We've recently seen an interesting new example of this approach.
On Sunday the Liberal Democrat candidate for Kensington Sam Gyimah (formerly of the Conservative party) tweeted out polling which asked voters in three London constituencies (including Kensington) who they would vote for if the only two parties with a realistic chance of winning were:
- Labour and the Conservatives, or
- the Liberal Democrats and the Conservatives.
In the Conservative/Labour head-to-head, the Conservatives “won” all three seats. But with a Conservative/Lib Dem head-to-head, the Lib Dems took all three.
Now this is all very interesting, but it’s not how elections actually work. Voters are not told which parties have a “realistic chance” when they’re in the polling booth. (The point of this kind of campaign technique, of course, is to try and convince voters of your favoured interpretation of the parties’ relative chances.)
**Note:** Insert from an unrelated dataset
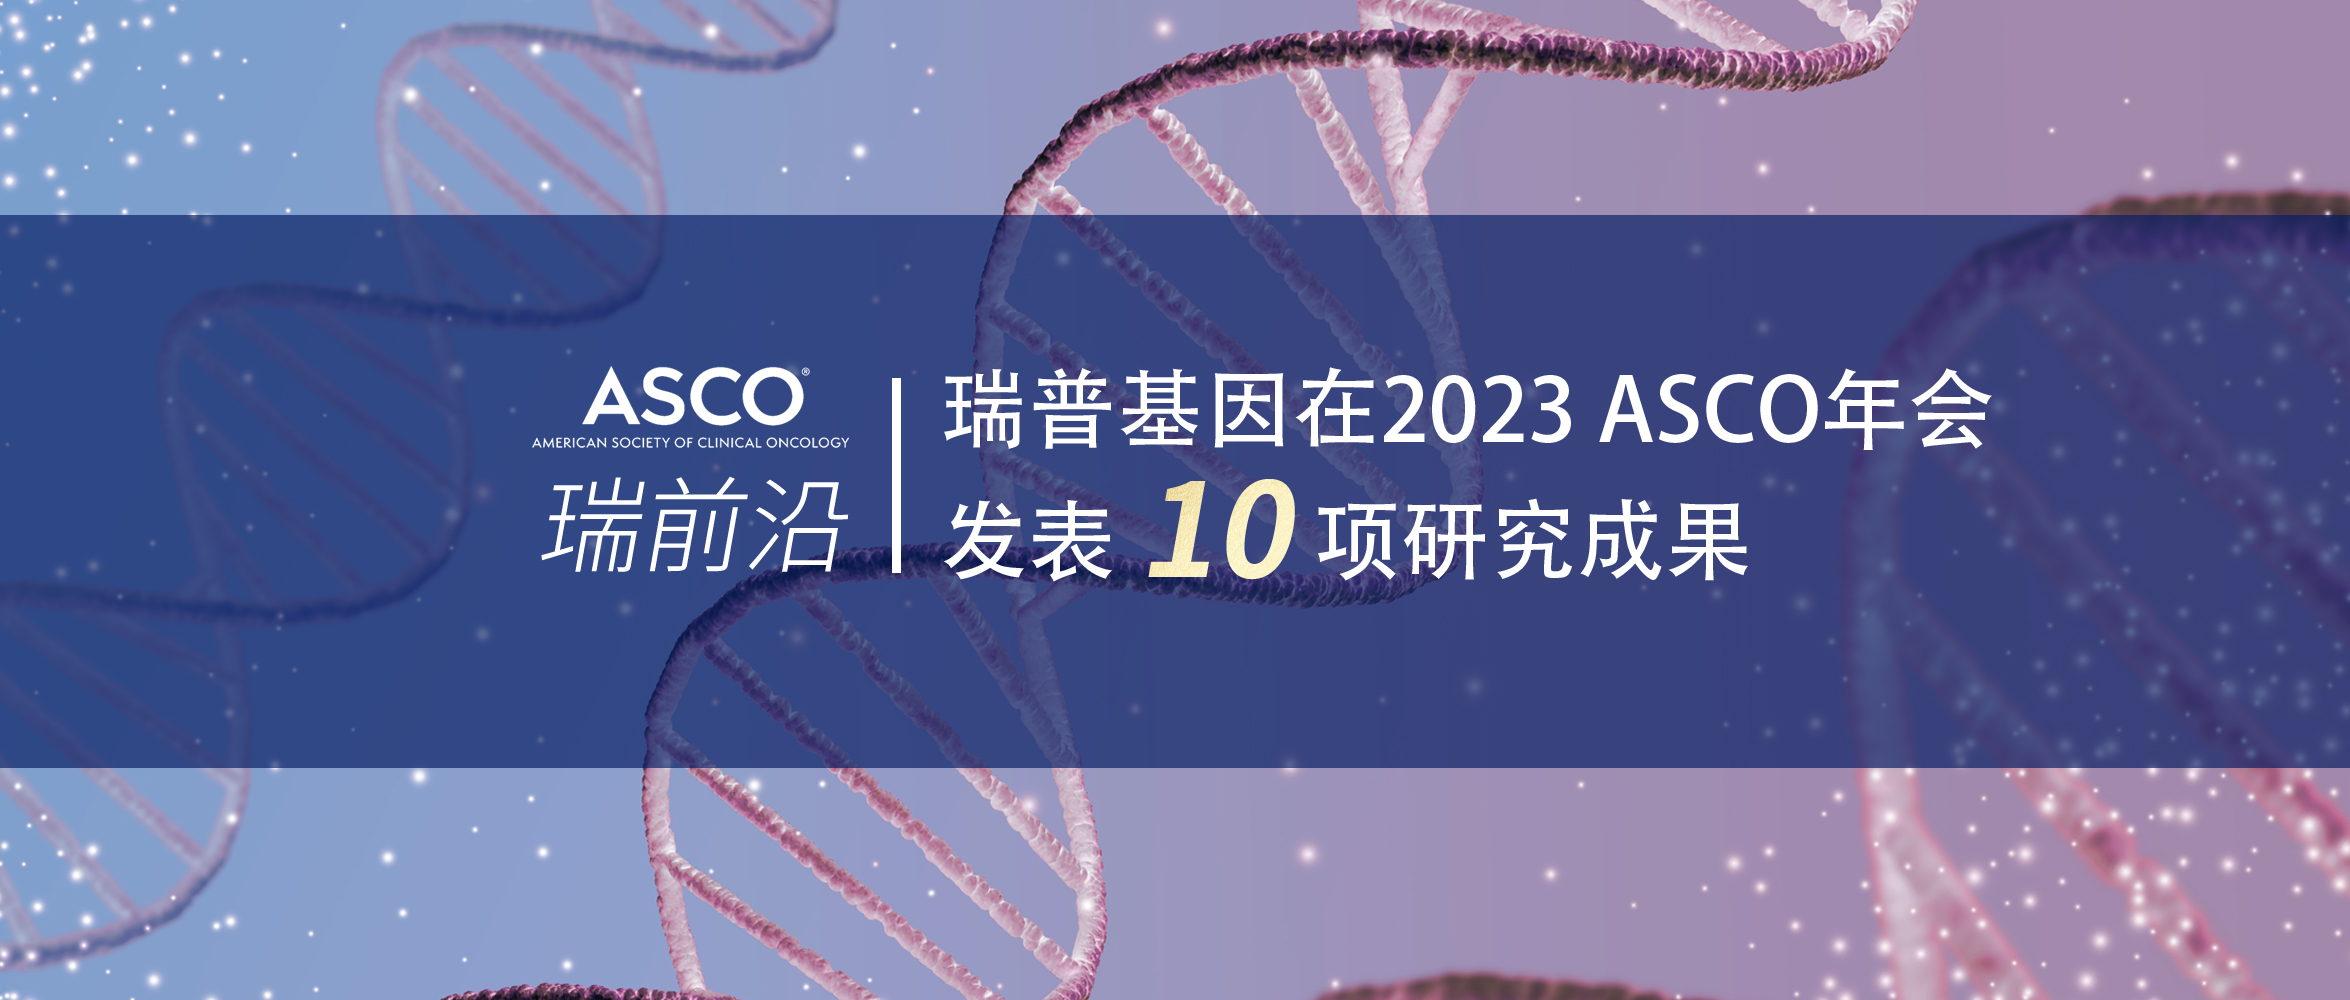 新葡的京集团350vip8888在2023 ASCO年会发表10项研究

So using that data, as, as Mr Gyimah did, to say that “Only the @LibDems can stop the Tories in Kensington” is pushing things a bit far—especially as Kensington is currently held by Emma Dent Coad, a Labour MP.
The poll to which Mr Gyimah refers also looked at the actual voting intention in Kensington, when respondents are not told that only two parties have a realistic chance.
It shows the Conservatives on 36%, the Lib Dems on 33%, and Labour on 27%. So the Lib Dems are polling ahead of Labour, but the data suggests all three parties have a competitive chance of taking the seat.